For other animations, you need to take care to stick to “independent animations” whenever possible. For Windows 8, this means you’re best off sticking to CSS3 animations and transitions over CSS3 transform properties (i.e. use translate(x, y) rather than animating the “left” and “top” properties). The built-in WinJS animations do a good (though in a few cases not ideal) job of using independent animations effectively, and for many apps they’re all you need.
For more about independent composition and animation in IE / Windows 8 apps, read this article on MSDN.
I suspect on other platforms you should follow similar rules to get the best animation performance, but I’d love to learn more from experts at iOS or Android development.
Better yet, as I understand it, each web worker gets its own script context and heap, thus its own garbage collector. So if you allocate a lot of objects on a background thread, then only pass small output data to the UI thread, you can help minimize the impact of garbage collection on your UI thread.
DOM, layout, and rendering performance
Another factor for performance of web apps is the overhead and general performance characteristics of any libraries you use. A library can be a bunch of reusable JS code (like JQuery or WinJS), or a native platform exposed to (WinRT, PhoneGap, etc). In either case, the library itself and your usage of it will affect performance.
One example is data binding. WinJS provides a handy data binding implementation, which I’ve made extensive use of. But for some situations, its performance overhead can start to be noticeable, and you probably have options for doing something more efficient for your needs.
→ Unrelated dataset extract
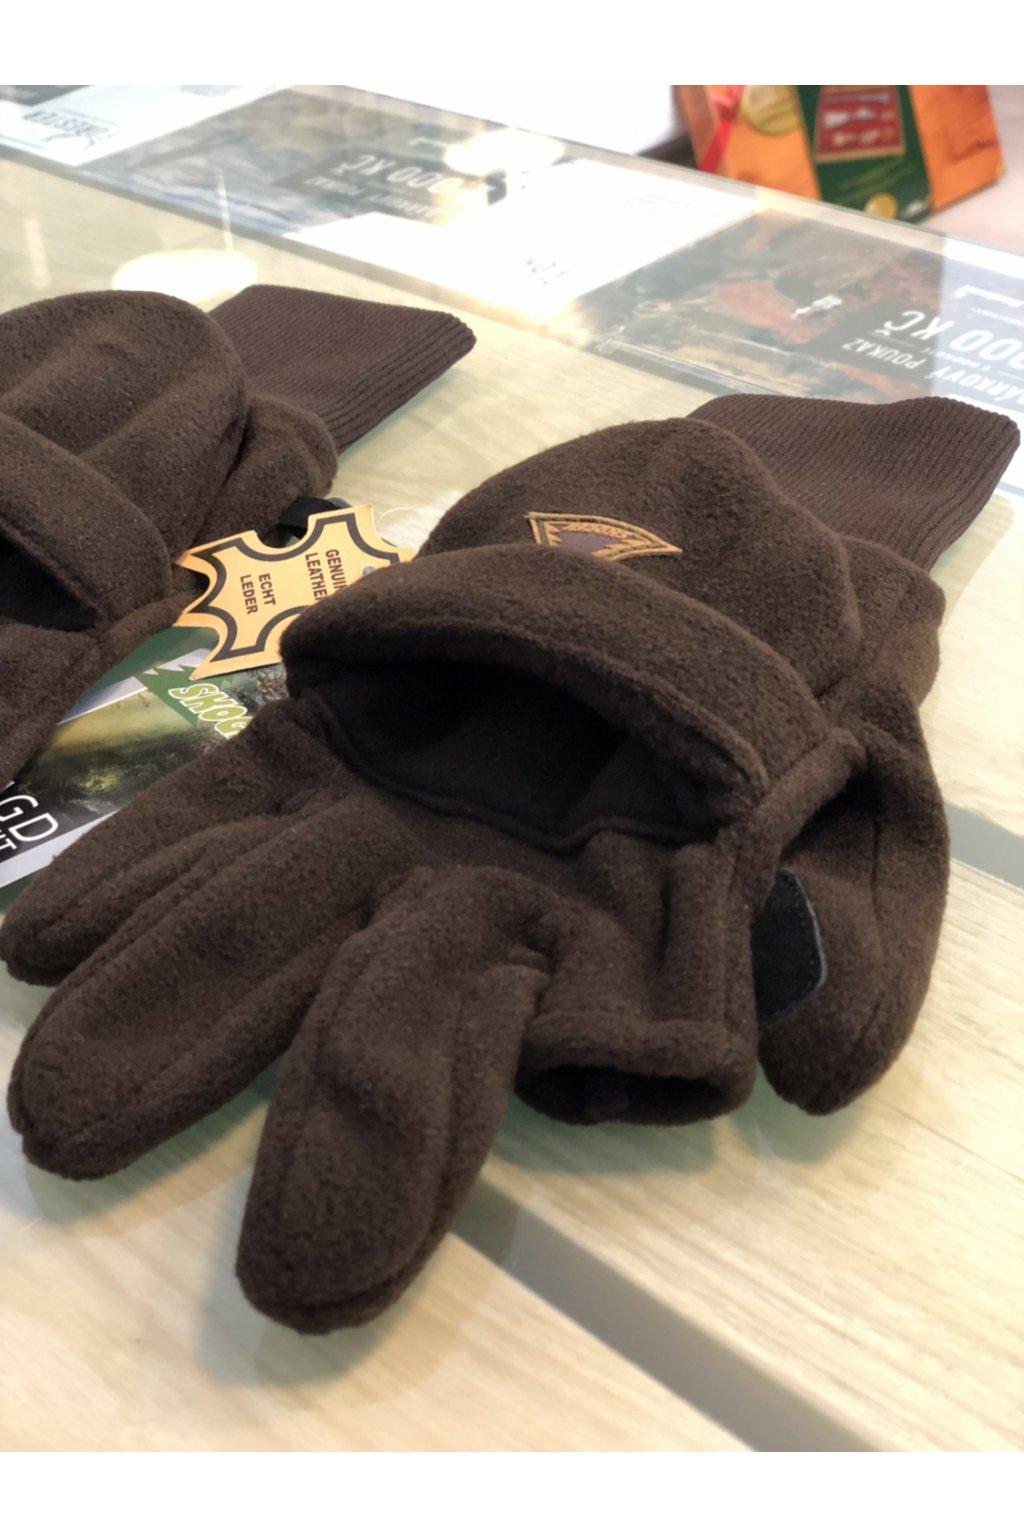 Rukavice fleece s překlopem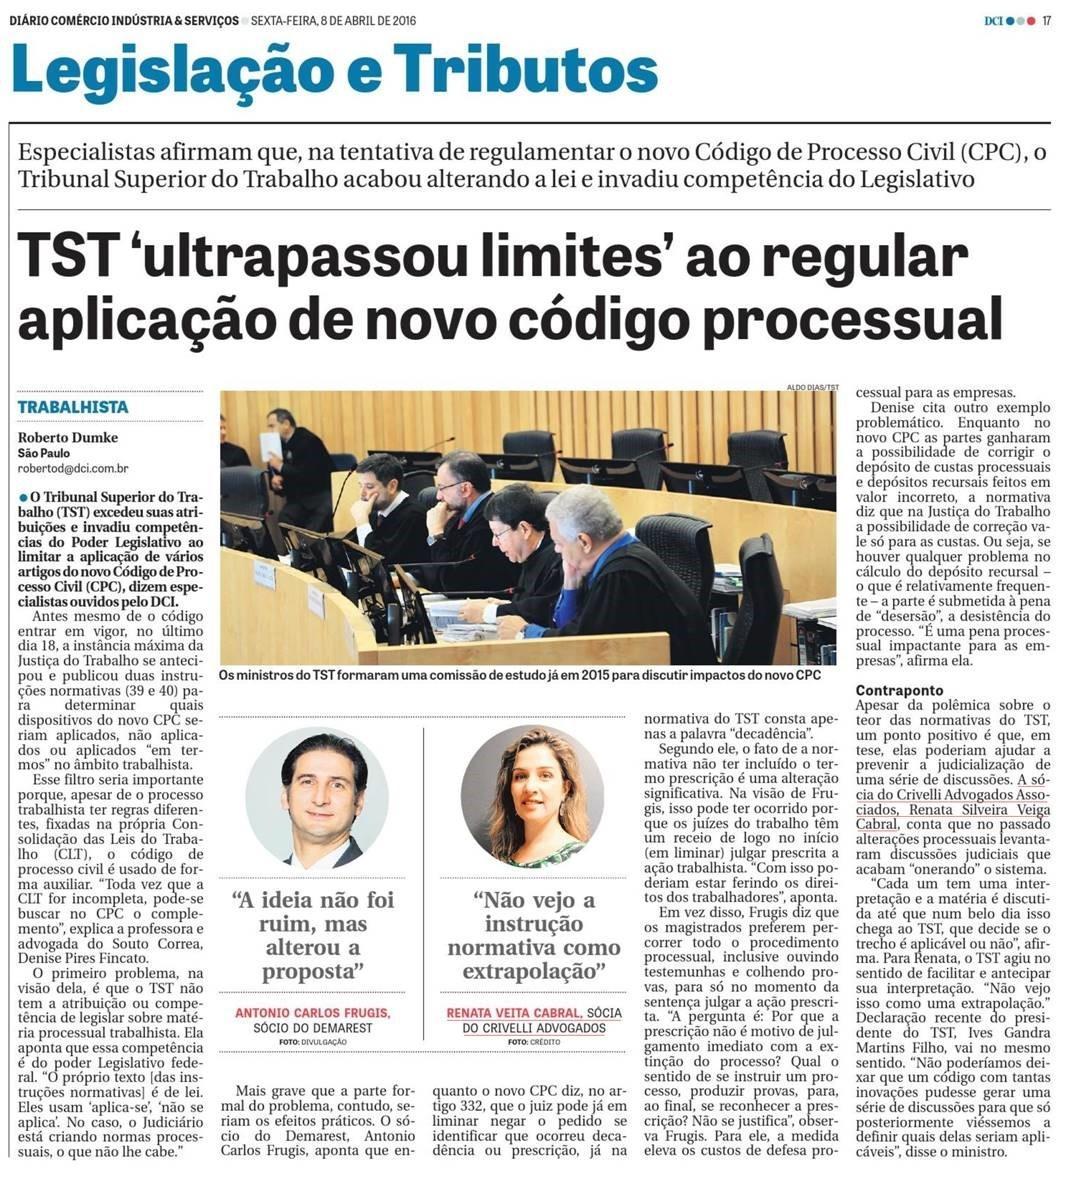 TST 'ultrapassou limites' ao regular aplicação de novo código processual

Another factor is whether the library you’re using is tuned for the platform/runtime you’re using it on. WinJS is obviously well-tuned to IE on Windows. But others may not be, particularly if they are designed to work with outdated versions of IE.
Here’s a slide from Gaurav’s deck (which I’ve annotated slightly) showing the difference in his example app just from reusing objects versus allocating new ones unnecessarily:
Re-answering why GC is a bigger problem on iOS
A large section toward the end of Drew’s post asks why, if GC is so bad that Apple can’t offer it to iOS developers, how does Windows Phone get its buttery smooth reputation when it uses an (almost) exclusively GC platform?
Well, take what we discussed above and assume similar mechanisms are in place on Windows Phone and its .NET implementation. I don’t actually know as many technical details here, but I assume the strategy is similar to Windows 8.
On Windows 8, a GC pass while you’re panning the view does not cause a stutter. On Android, apparently it does. Or maybe recent versions fixed that (I haven’t been able to figure that out – anyone know?). Neither the thread handling the input nor the thread doing the scroll animation ever runs any GC code (and the impact on CPU resources doesn’t really affect it, as the heavy lifting for the animation is done by the GPU). Yes, you can potentially scroll to a region the UI thread hasn’t yet rendered. But since the scrolling operation is fully independent, the UI thread shouldn’t have too hard of a time keeping up (and in practice, does not), and it can update the surface while you’re still panning it. So if a GC happens while panning, maybe you see some blank list items for an instant, but you don’t get a stutter.
What Drew should call his post
Will it be fast as-is on iOS? Maybe not. A recent iPad (heck, maybe even an iPad 2) has a beefier CPU, so there’s hope. But since the platform is in some ways just not optimized at all for the web (i.e. no independent manipulations), and in other ways actively hostile to web apps (i.e. crippled JS engine outside Safari), maybe I’ll be forced to go native there. That sucks. But that’s no one’s fault but Apple’s.